Austerity watchers take note: the Prime Minister of Romania resigned today (Monday), the latest European leader felled by anti-austerity fury.
Romania was the receiver of a 20-billion euro loan in 2009, on condition of deep austerity cuts.
The euro has rallied on headlines that Greek politicians are getting down to the nitty-gritty, with reports they may be willing to cut 15,000 public sector jobs as part of the austerity package.
But the talk over the weekend was about the key player, Angela Merkel: is she more comfortable with letting Greece default?
Oh, she protests, telling German TV today that they will not allow a Greek bankruptcy.
But at the same time she is digging in her heels: she has insisted it's time for Greece to decide on whether they want in or out.
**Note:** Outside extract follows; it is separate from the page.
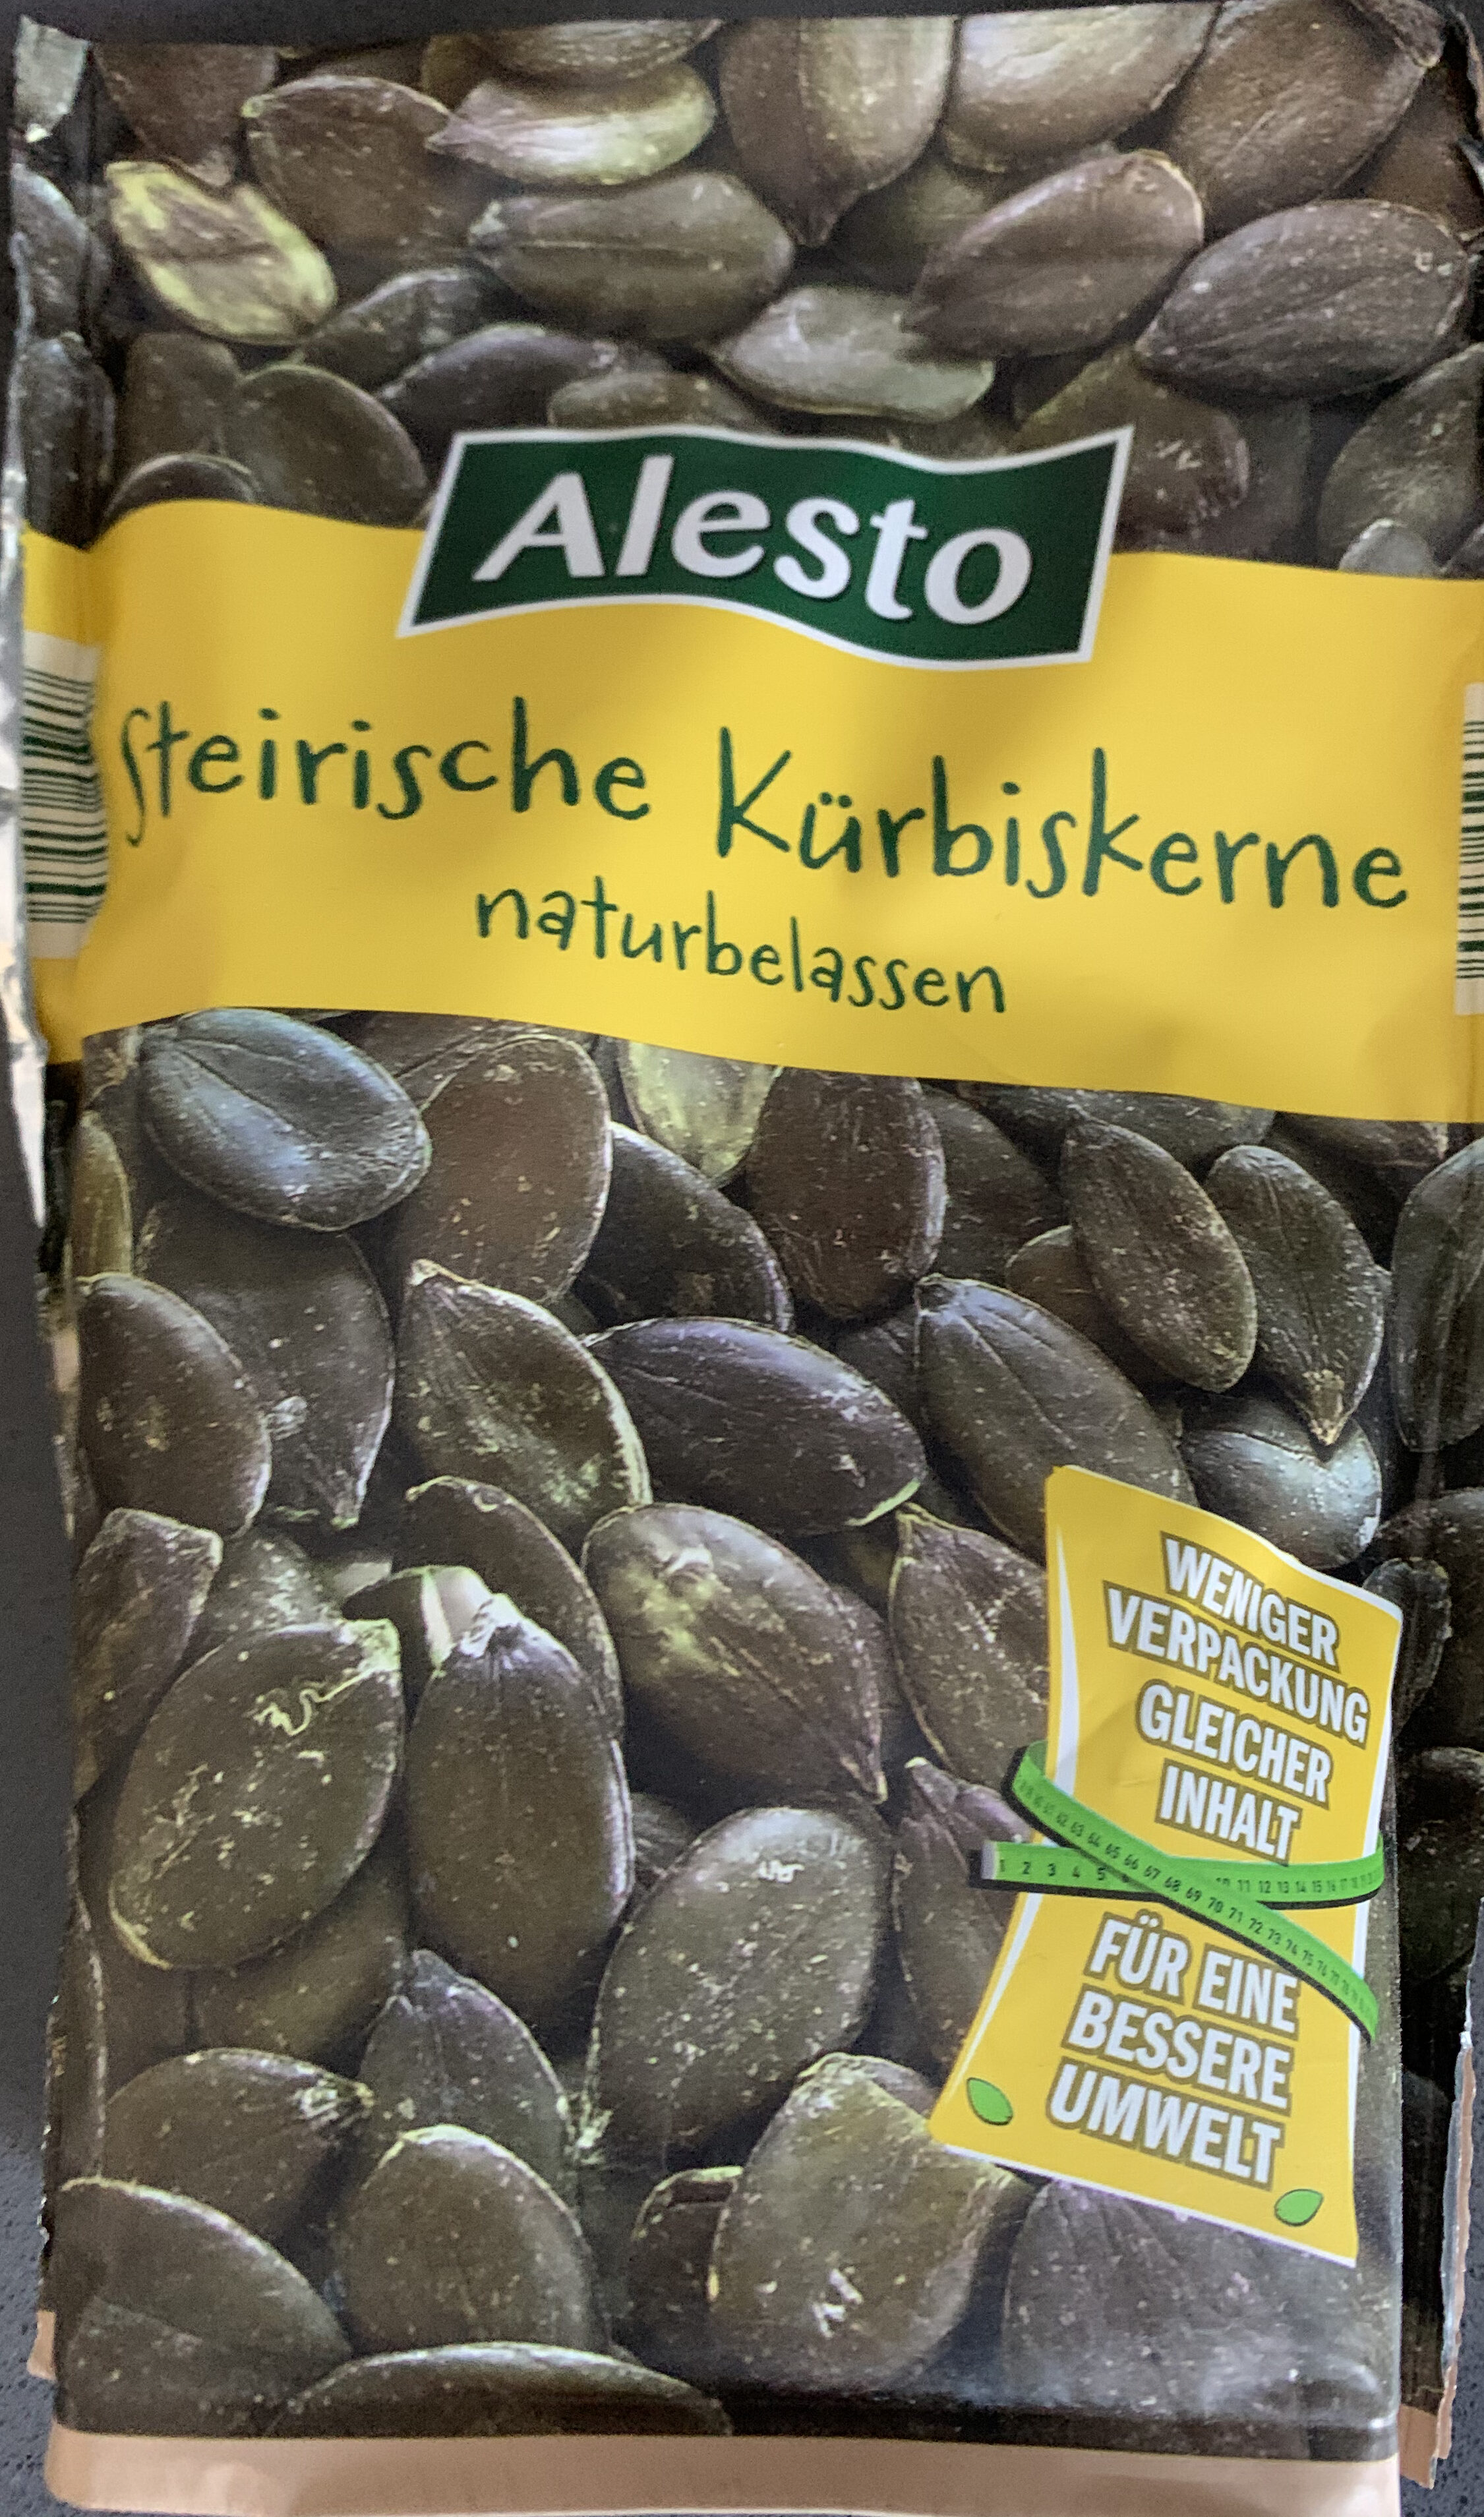 Steirische Kürbiskerne naturbelassen - Prodotto - de

No money without an austerity agreement, and all parties must sign off.
It's not just Merkel insisting on getting the Greeks to agree on a painful austerity budget. She has also floated a trial balloon for the EU to take over control of the Greek budget.
The Greeks, obviously, do not want to do that. They may simply choose to default. Surely Merkel must understand that the probability of a default has risen.
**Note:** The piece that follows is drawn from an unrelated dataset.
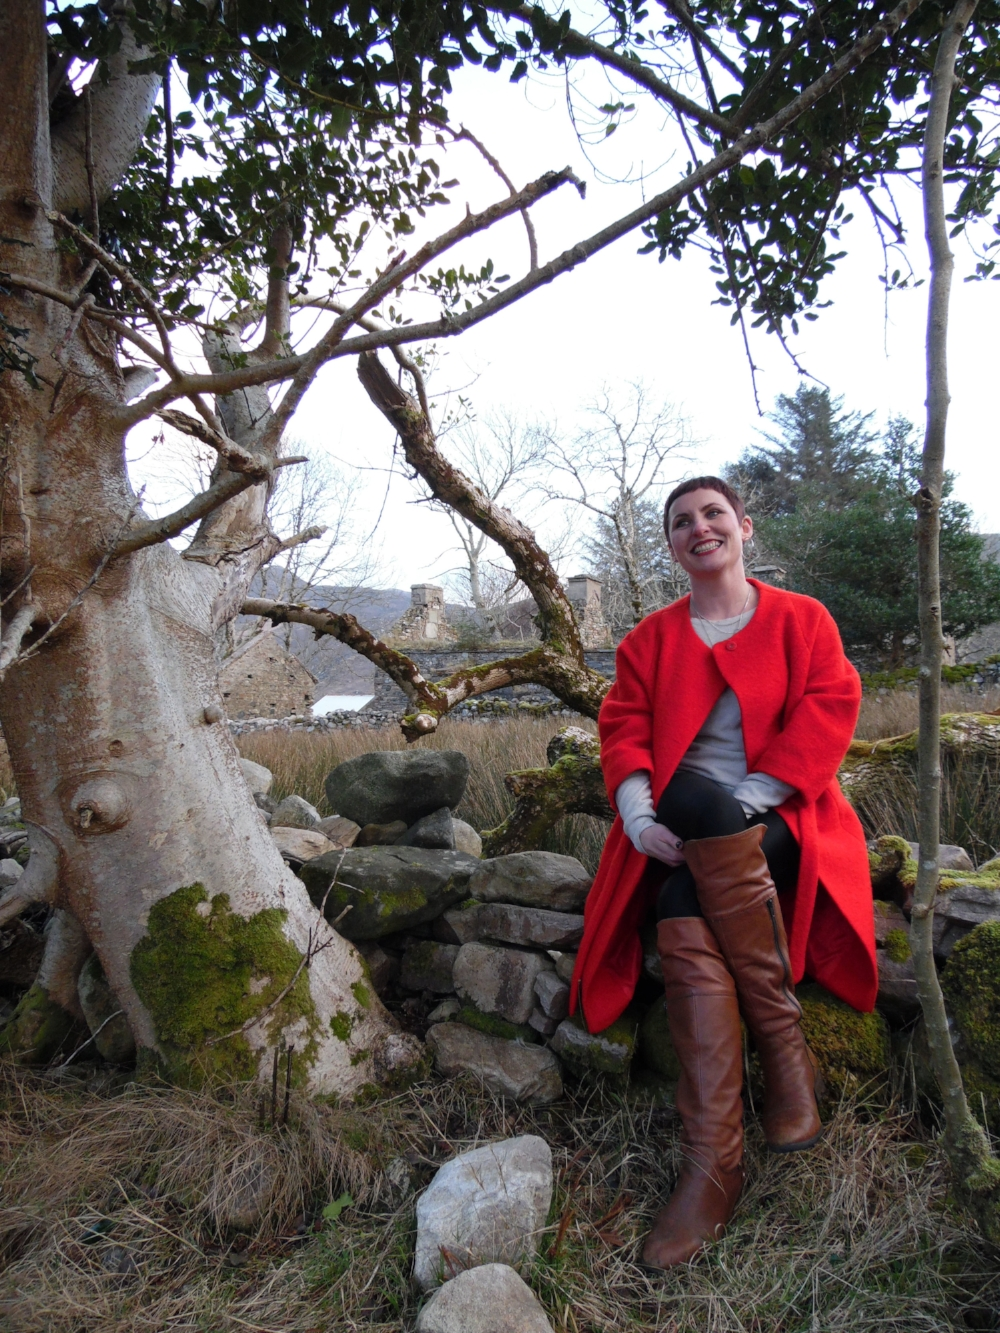 me - Moira Ní Ghallachóir - mng - Dunlewy, Donegal

Merkel seems to be calculating that a Greek default might not be all that disruptive. The stock and bond markets seem not to be so worried, and the banking system is certainly in stronger shape than it was three months ago. But is it sufficiently strong?
If all this is a comfort to you, you should hear the response of the inimitable Art Cashin, who, after I presented the above thesis to him, said: "Merkel may be increasingly comfortable, but they were all comfortable before Lehman Brothers."